What is needed is the full listing written out exactly, minus the pictures.
----------
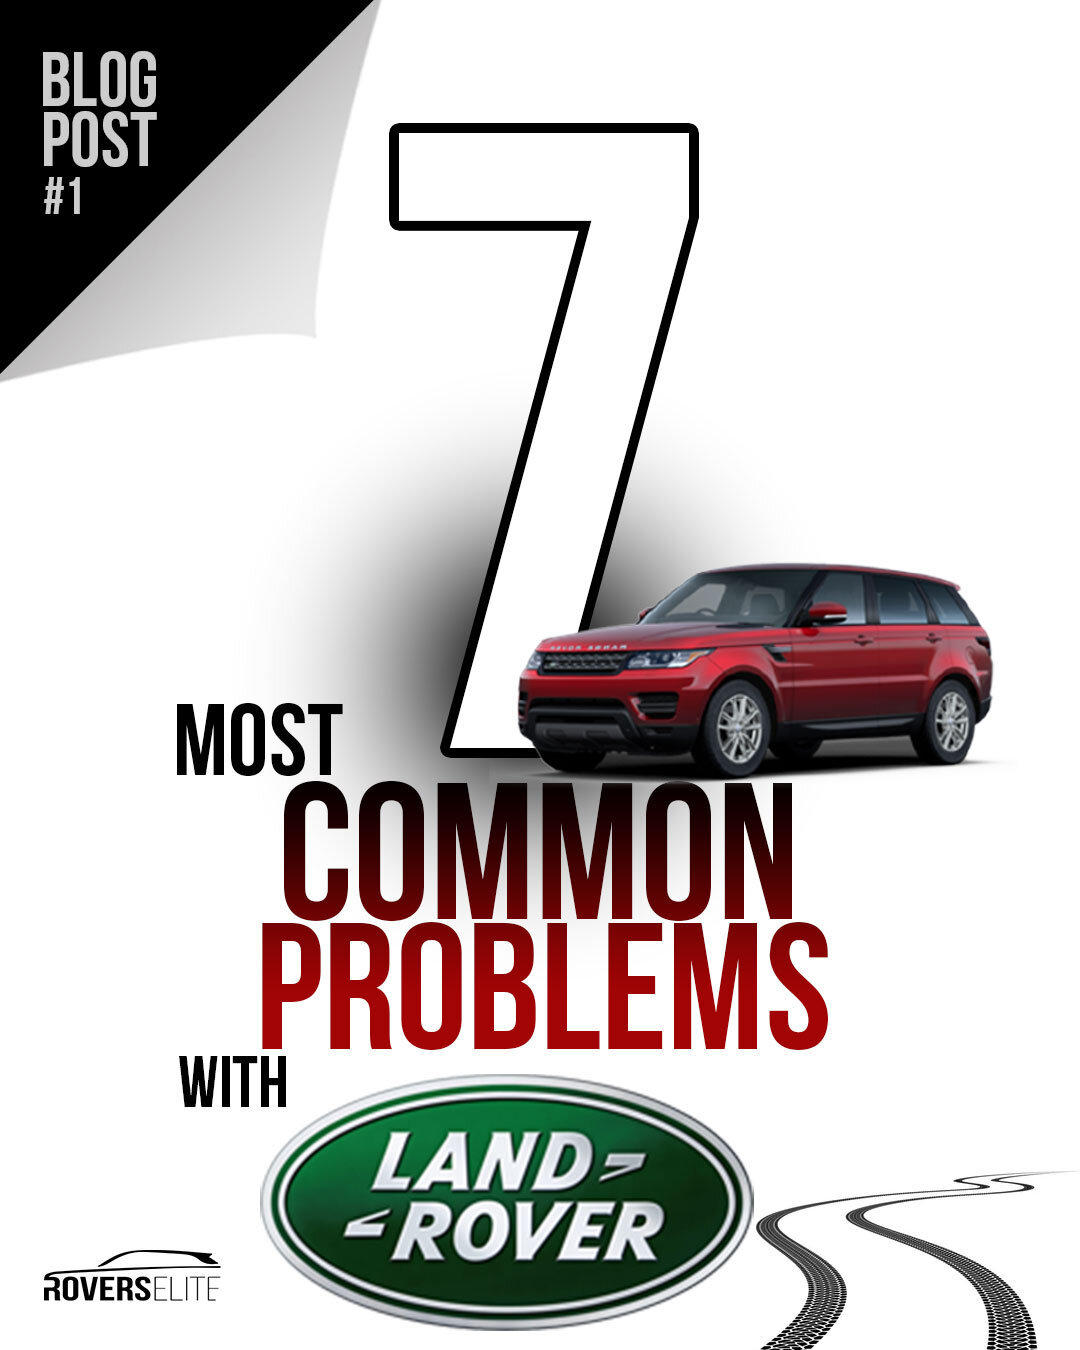 7 Most Common Problems with Land Rover. What to look for and why it happens. Live on our website now under &quot;More&quot; Tab.

Get a quote in minutes at
RoversElite.com
📲 (805) 371-3768
📍62 N Skyline Dr Unit B
Located in #ThousandOaks

Check Eng
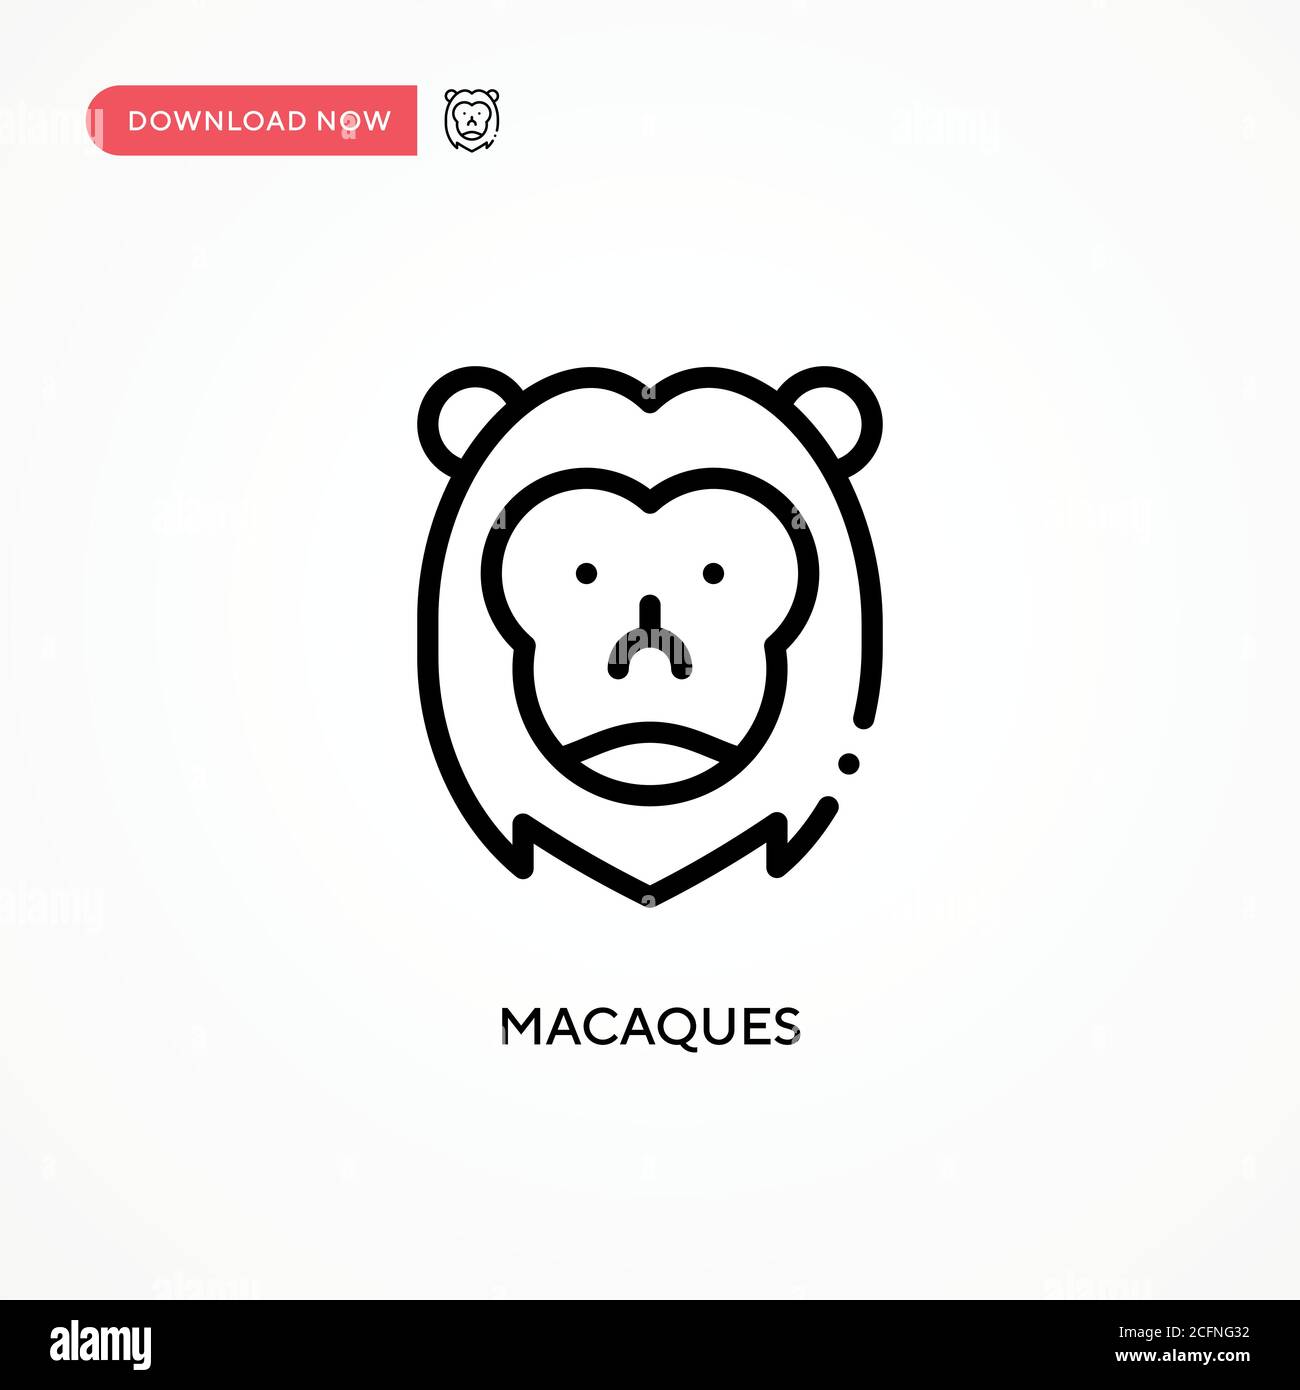 Macaques vector icon. Modern, simple flat vector illustration for web site or mobile app Stock Vector
----------
## ANSWER AREA
 7 Most Common Problems with Land Rover. What to look for and why it happens. Live on our website now under &quot;More&quot; Tab.

Get a quote in minutes at
RoversElite.com
📲 (805) 371-3768
📍62 N Skyline Dr Unit B
Located in #ThousandOaks

Check Eng
 Macaques vector icon. Modern, simple flat vector illustration for web site or mobile app Stock Vector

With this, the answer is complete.